After the first essay is complete, students conference with me. I ask them to come to the conference with examples of one of the seven moves they think they are doing well, and one that they aren’t sure about but attempted.

In the conference, I still don’t look at their writing – at first. The students come to me with a specific move they want to show me, and they explain how they executed it. I ask follow-up questions until I have a good idea of what they think that moment in their writing does, and then I tell them what I expect to read. For example, if a student says that she Illustrated by referencing an interview with a peer and an example from an article to support her claim that high school causes a dangerous amount of stress, I would tell her that I expect the paragraph to begin with the claim, give a few sentences describing the experience of the peer, another few sentences describing the example from the article, and then a transition sentence that brings it all together and hints towards the next paragraph.

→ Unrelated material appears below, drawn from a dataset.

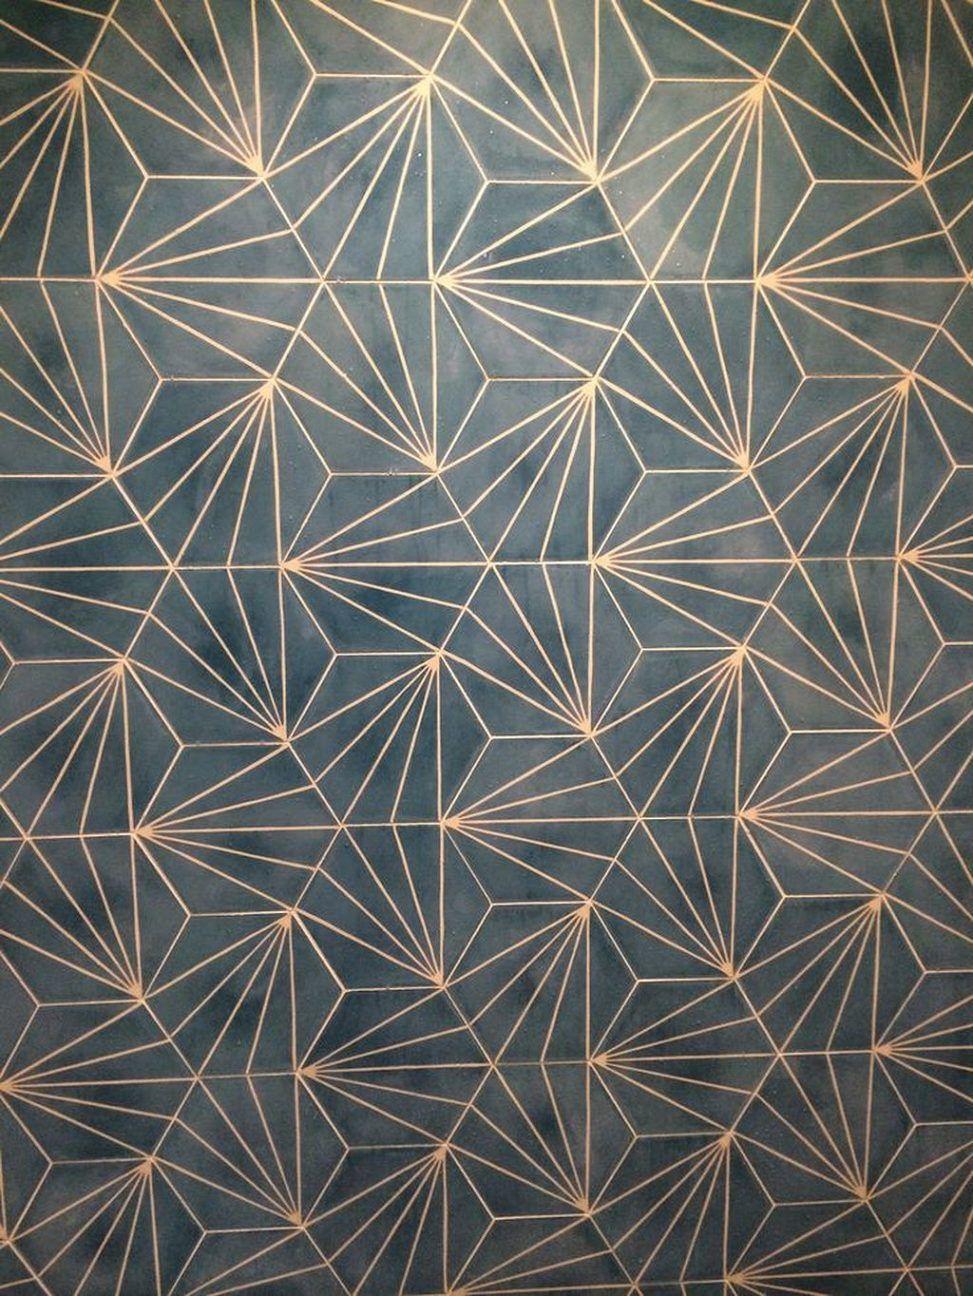 Park Art|My WordPress Blog_Stimsone Hexagon Art Deco Paintable Peel And Stick Wallpaper Panel

When the student has truly mastered the skill, she will say “yes,” and only then will I read the paragraph – and only that paragraph – to confirm. Often, especially early in the unit, the student will realize that she didn’t actually execute the move the way she meant to. When I explain what I expect to see on paper based on her description, she realizes that what she wrote doesn’t match what she said. That method of feedback is critical. Without me giving her any advice about how to “fix” her writing, she has articulated out loud what she meant to write on paper. She can easily revise what she wrote to more closely match what she said out loud. I do not give any advice; I just restate what the student said, and she decides whether what is on paper matches. Once again, the student’s active participation reinforces her ownership of her work.

ASSESSMENT

In just a few minutes per conference, I am able to assess a student’s performance in two of the seven skills they are supposed to be learning in the unit. Later on, we will repeat the process, so I will have a good idea of how they are doing with four of them. At the end of the unit, they will come to me with evidence of all seven moves, two essays and a presentation project, and I will give them a grade – not on the essays or the project – but on the mastery of those seven writing moves that they demonstrate at the end of the unit.

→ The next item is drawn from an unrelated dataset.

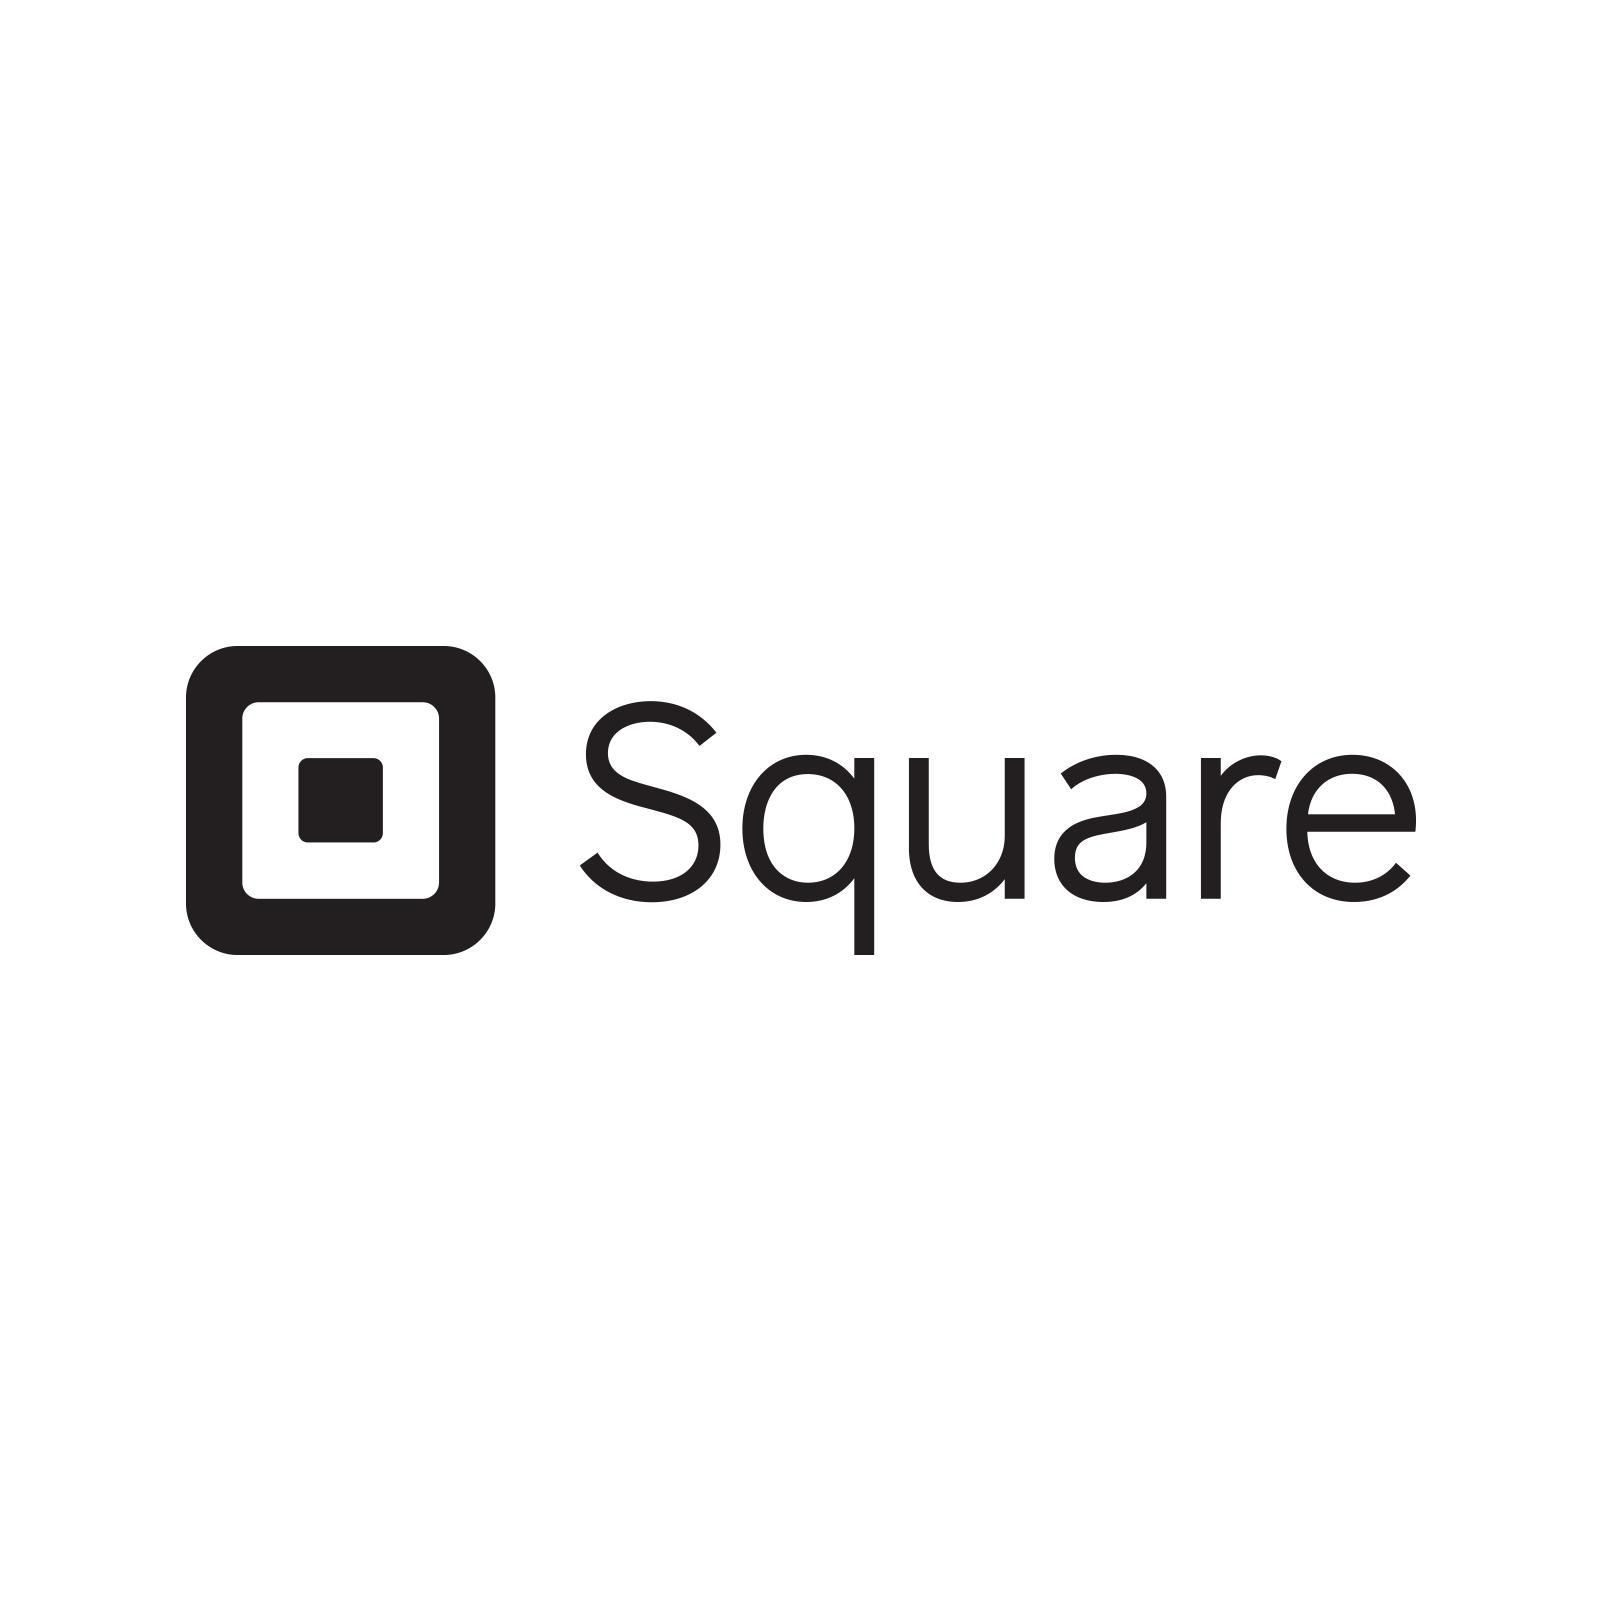 square continued swipe fee litigations increase business model risk

Next term, I will be teaching students to write coherent and well-developed essays. My plan is to have them describe how they organized their essays, and then read with them the introduction, transitions, one body paragraph, and conclusion. That way I will get a good idea how coherent and well-developed the essay is without spending hours at home reading each essay.

CONCLUSION

We live in an cultural moment in which being overworked and stressed out is a badge of honor. Doing anything that takes less time can feel like a lazy cop-out. However, the more we can step away and let students own their work, the better their learning experiences will be. A lot of research supports the value of student ownership, yet a lot of what we traditionally do as teachers has the effect of transferring ownership to us. By only reading the parts of their writing that my students point me to, I am giving them as much control and ownership of their learning and assessment as I possibly can while also keeping them accountable. Based on the results I have seen in this short experiment so far, I believe the value of student ownership outweighs the desire for accountability that drives English teachers to pull all-nighters grading and putting written feedback on every piece of writing our students do.

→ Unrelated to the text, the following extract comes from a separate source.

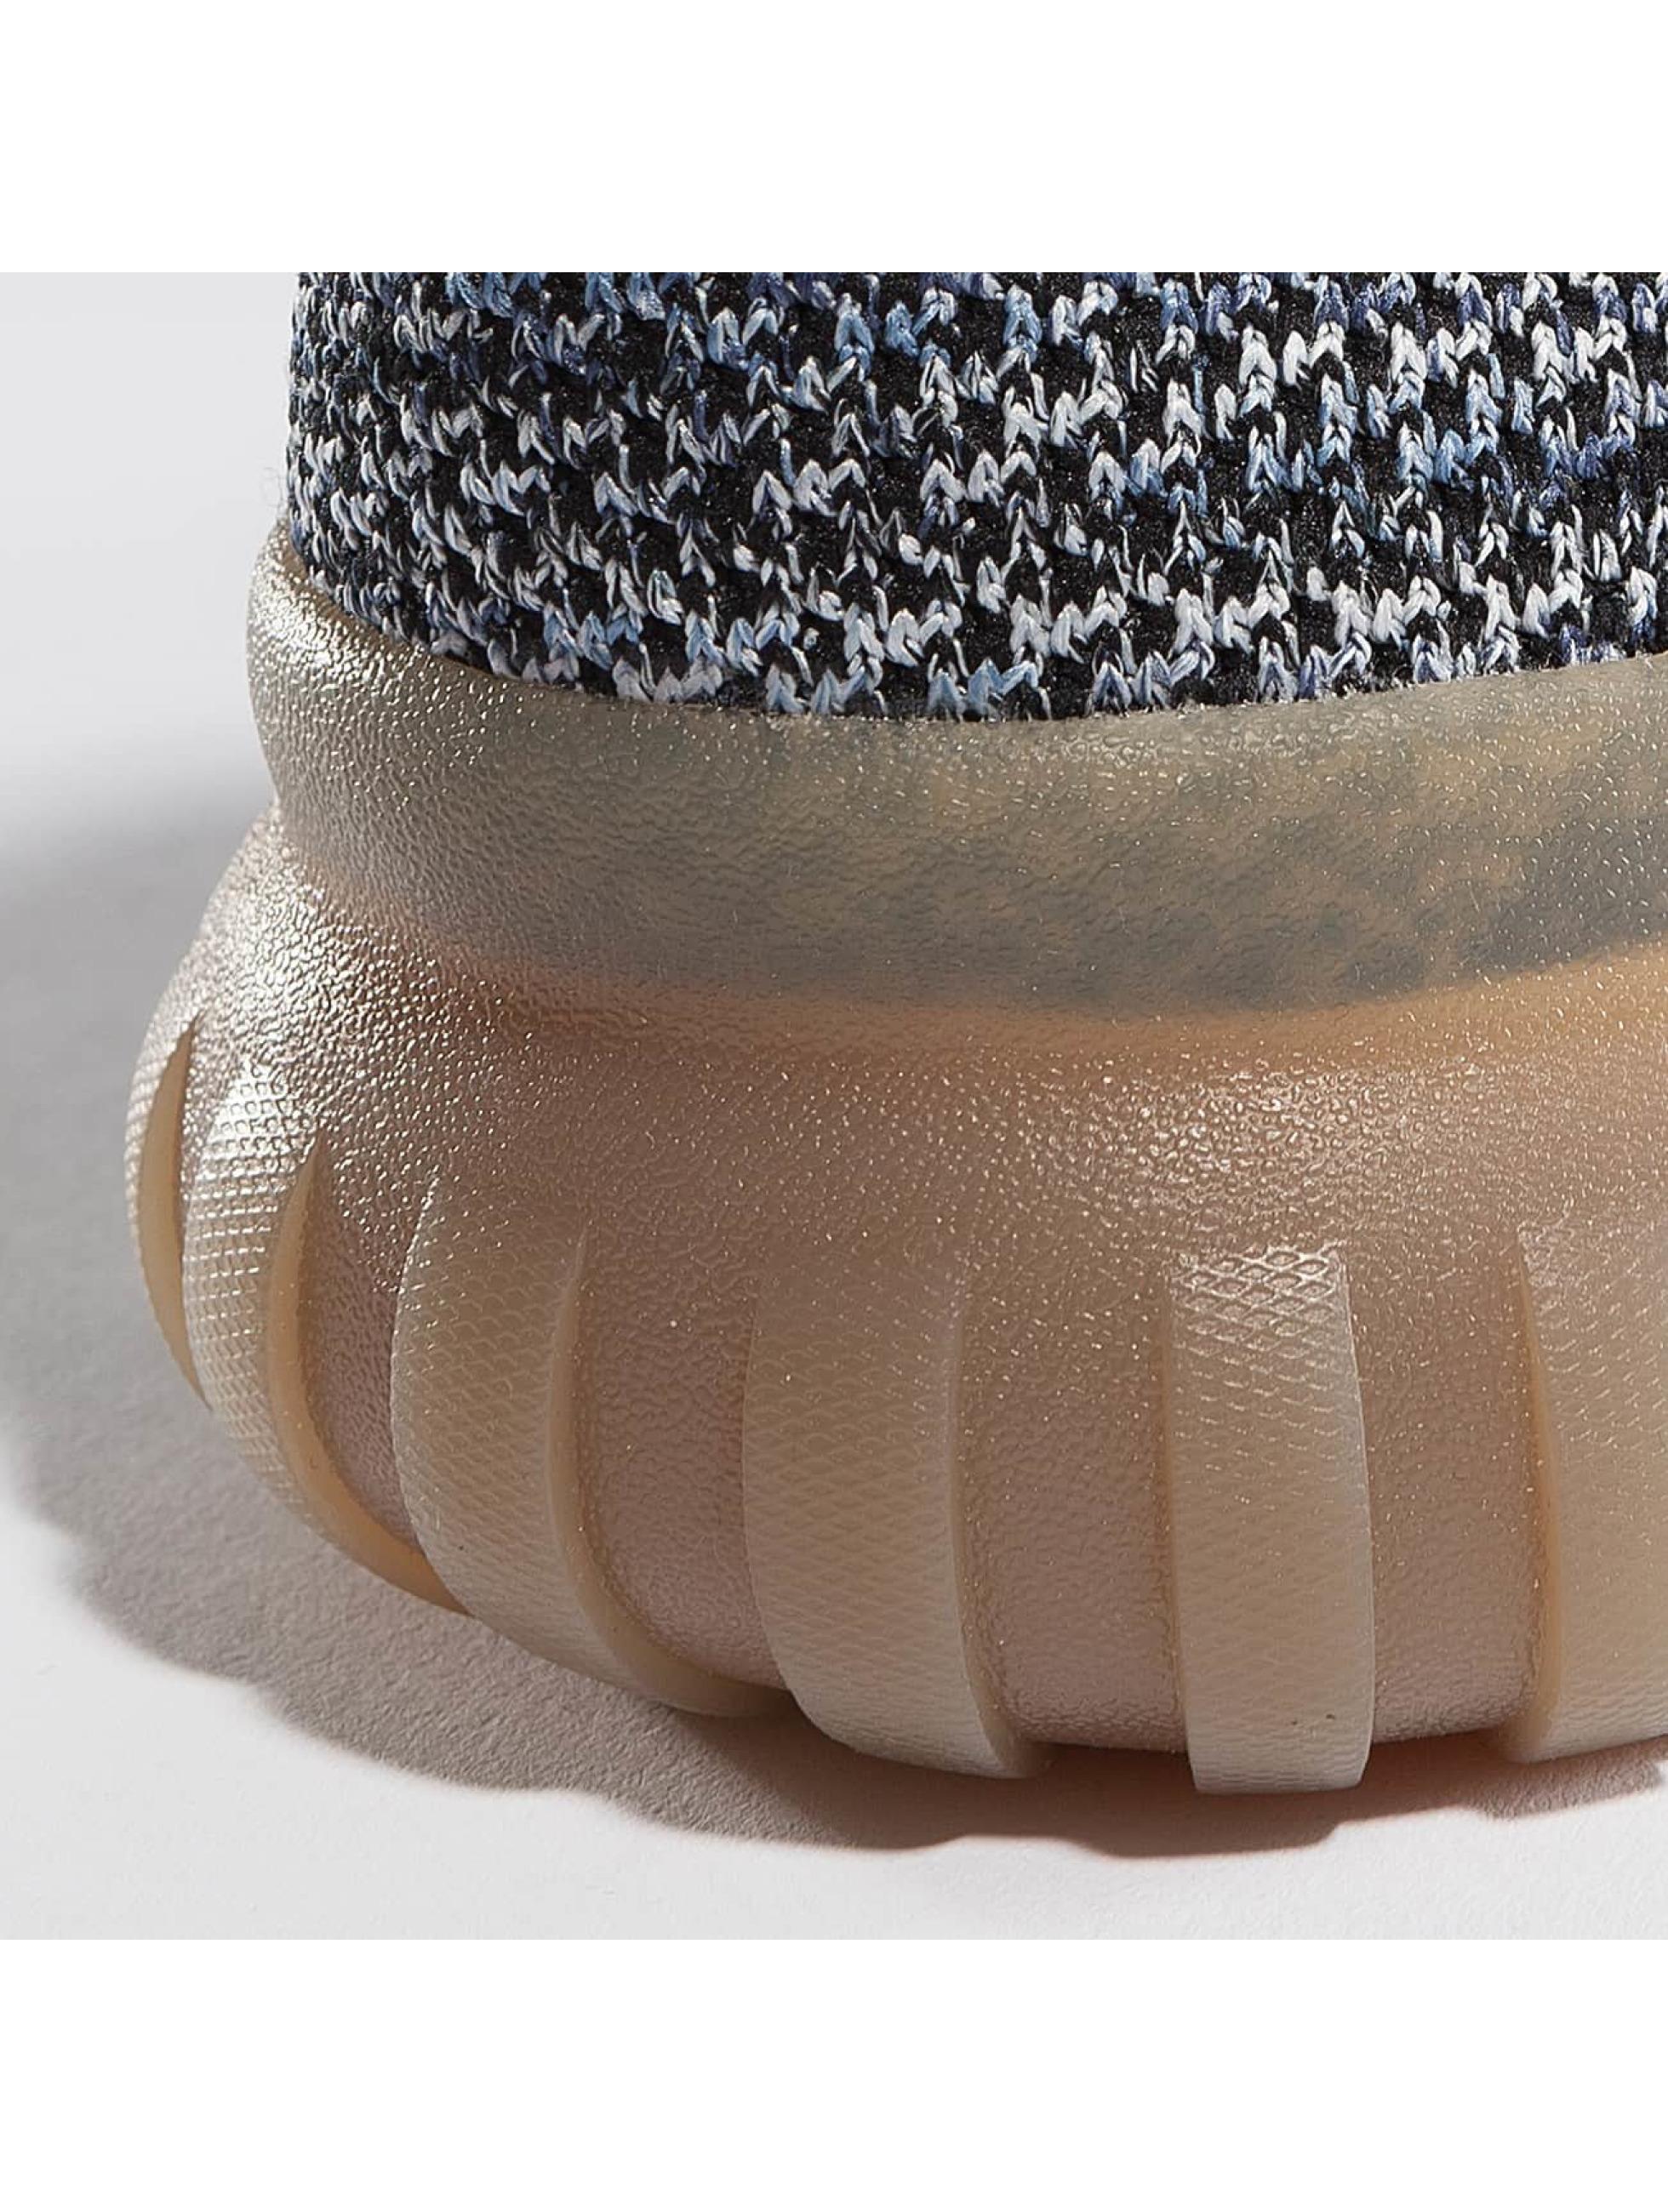 adidas originals Sneakers Tubular X PK black

What do you think? Have I gone too far? Am I missing some value by not reading everything my students write? Do students need at least some written feedback in order to reach their potential? Would my students grow enough to justify time invested in writing those comments?

 

References

Harris, J. (2017). Rewriting: How to do things with texts Utah State University Press.

Kolln, M., & Gray, L. (2012). Rhetorical grammar: Grammatical choices, rhetorical effects.